Senegal despertó a tiempo, con una goleada histórica ante Irak, un 5-0 que le permitió salvar su flojo arranque en el Mundial 2026 y presentar su candidatura a los dieciseisavos de final como uno de los mejores terceros, empujado por una expulsión temprana, el dominio absoluto del balón y una segunda parte demoledora.
El equipo de Pape Thiaw, obligado a ganar después de las derrotas ante Francia (3-1) y Noruega (3-2), encontró el partido que necesitaba.
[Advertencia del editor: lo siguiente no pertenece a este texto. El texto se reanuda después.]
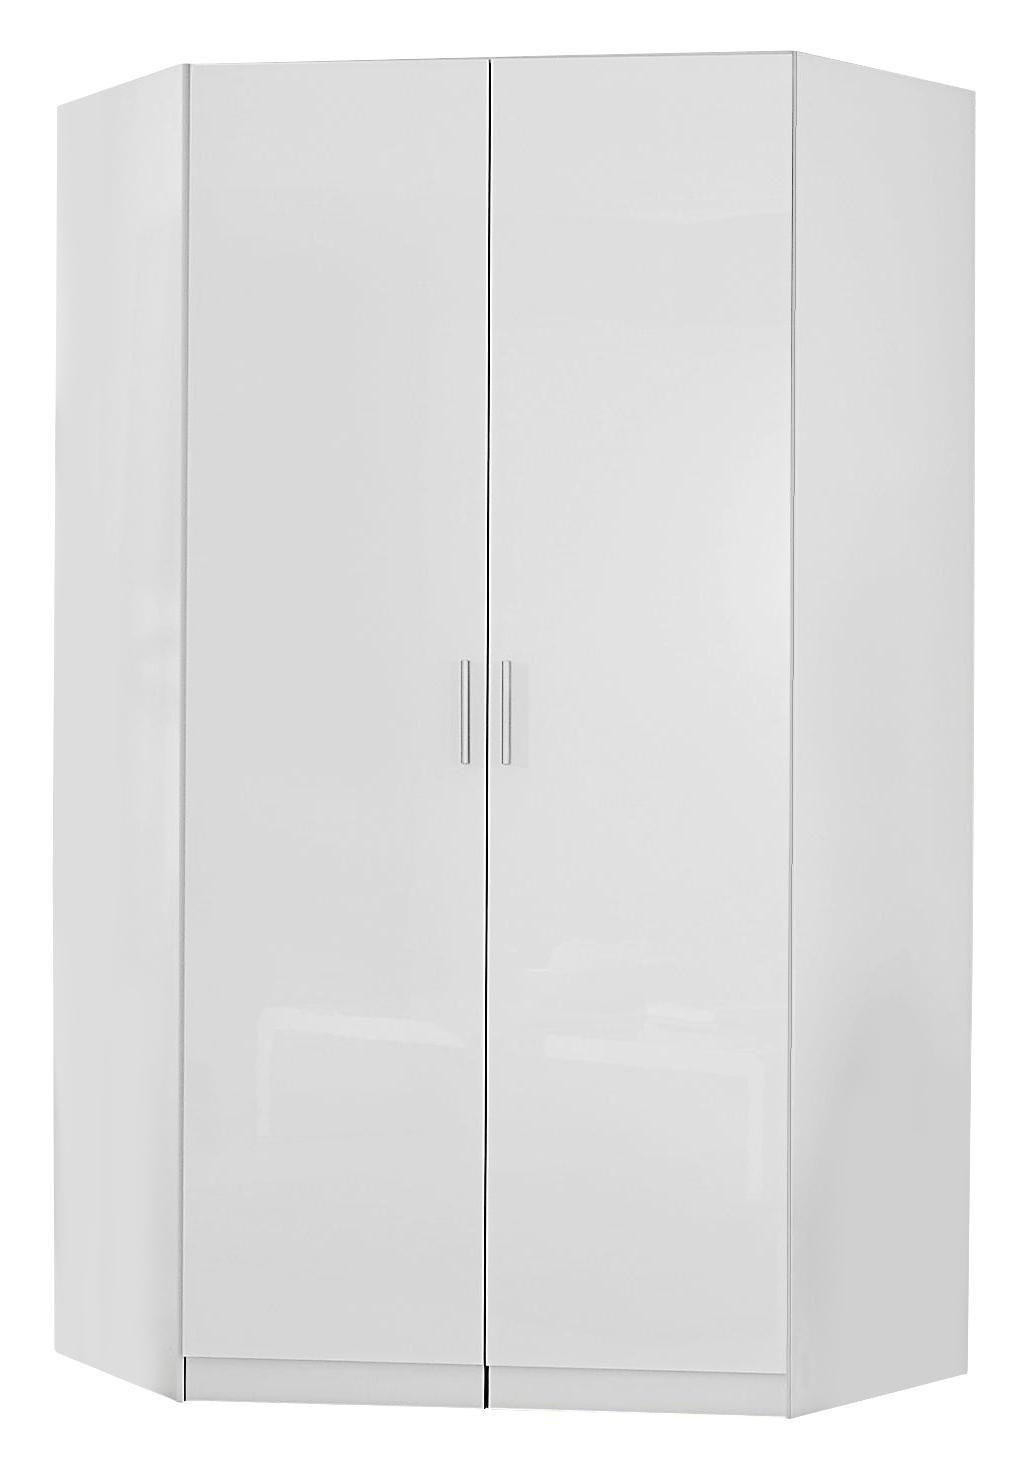 ECKSCHRANK 117/197/117 cm  - Weiß Hochglanz/Alufarben, Design, Holzwerkstoff/Kunststoff (117/197/117cm) - Carryhome

Irak, último clasificado para el torneo y aún sin haber puntuado nunca en un Mundial, apenas pudo sostenerse diez minutos. A partir de la roja a Rebin Sulaka, quedó reducido a una resistencia menguante.
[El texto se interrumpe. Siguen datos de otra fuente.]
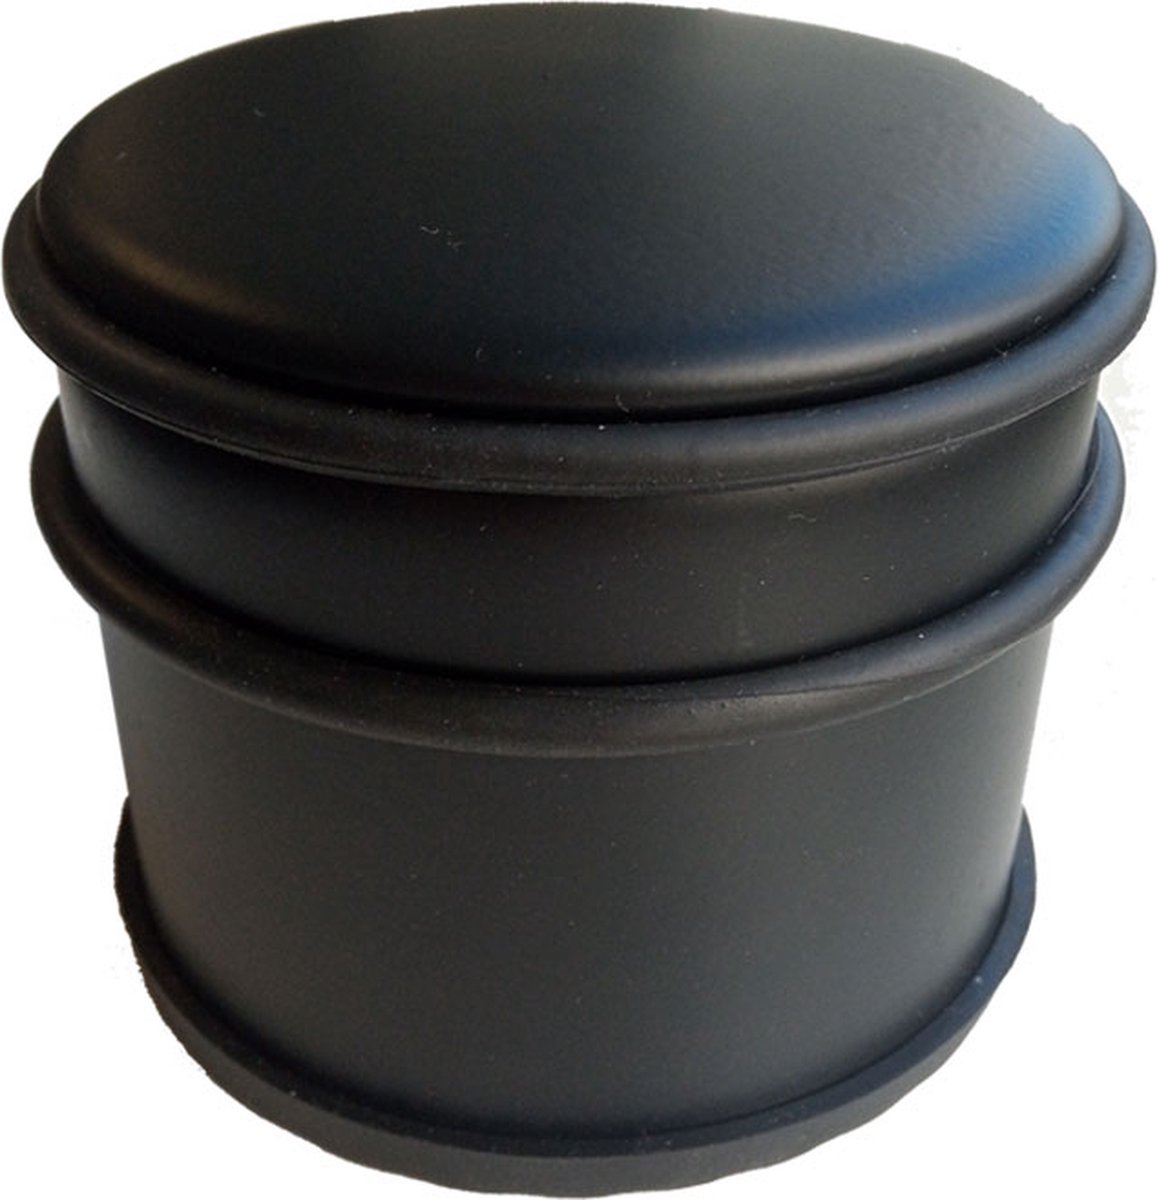 BRASQ Deurstopper Set van 4 Zwart 1,1 Kg - Voor binnen en buiten - Deurbuffer met anti-slip ⌀9 x 7,5 cm

Senegal tardó muy poco en inclinar el duelo. A los tres minutos ya había provocado su primer córner y, en el saque de esquina siguiente, Abdoulaye Seck ganó por arriba. Su cabezazo picado, rozado por Habib Diarra, superó a Ahmed Basil y abrió el marcador.
El gol confirmó el plan senegalés y acentuó los problemas iraquíes. Sulaka agarró a Sadio Mané cuando el delantero se escapaba al borde del área. El árbitro Anthony Taylor mostró inicialmente amarilla, pero el VAR corrigió la decisión y el central iraquí fue expulsado.
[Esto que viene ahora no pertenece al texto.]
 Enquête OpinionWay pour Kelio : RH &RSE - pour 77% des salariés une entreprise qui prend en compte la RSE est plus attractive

La segunda parte convirtió el dominio en castigo. Senegal avisó con llegadas de Diarra, Ibrahim Mbaye e Ismaïla Sarr. En el minuto 56, un error de la defensa iraquí dejó la pelota suelta en el área y Sarr no perdonó a puerta vacía. Fue el 2-0 y el golpe anímico definitivo para Irak.
La goleada se desató con los cambios. Pape Gueye entró por Habib Diarra y apenas necesitó 81 segundos para marcar el tercero con un zurdazo a la escuadra. El centrocampista del Villarreal repitió en el 70, con otro disparo duro y colocado desde el borde del área, imposible para Jalal Hassan.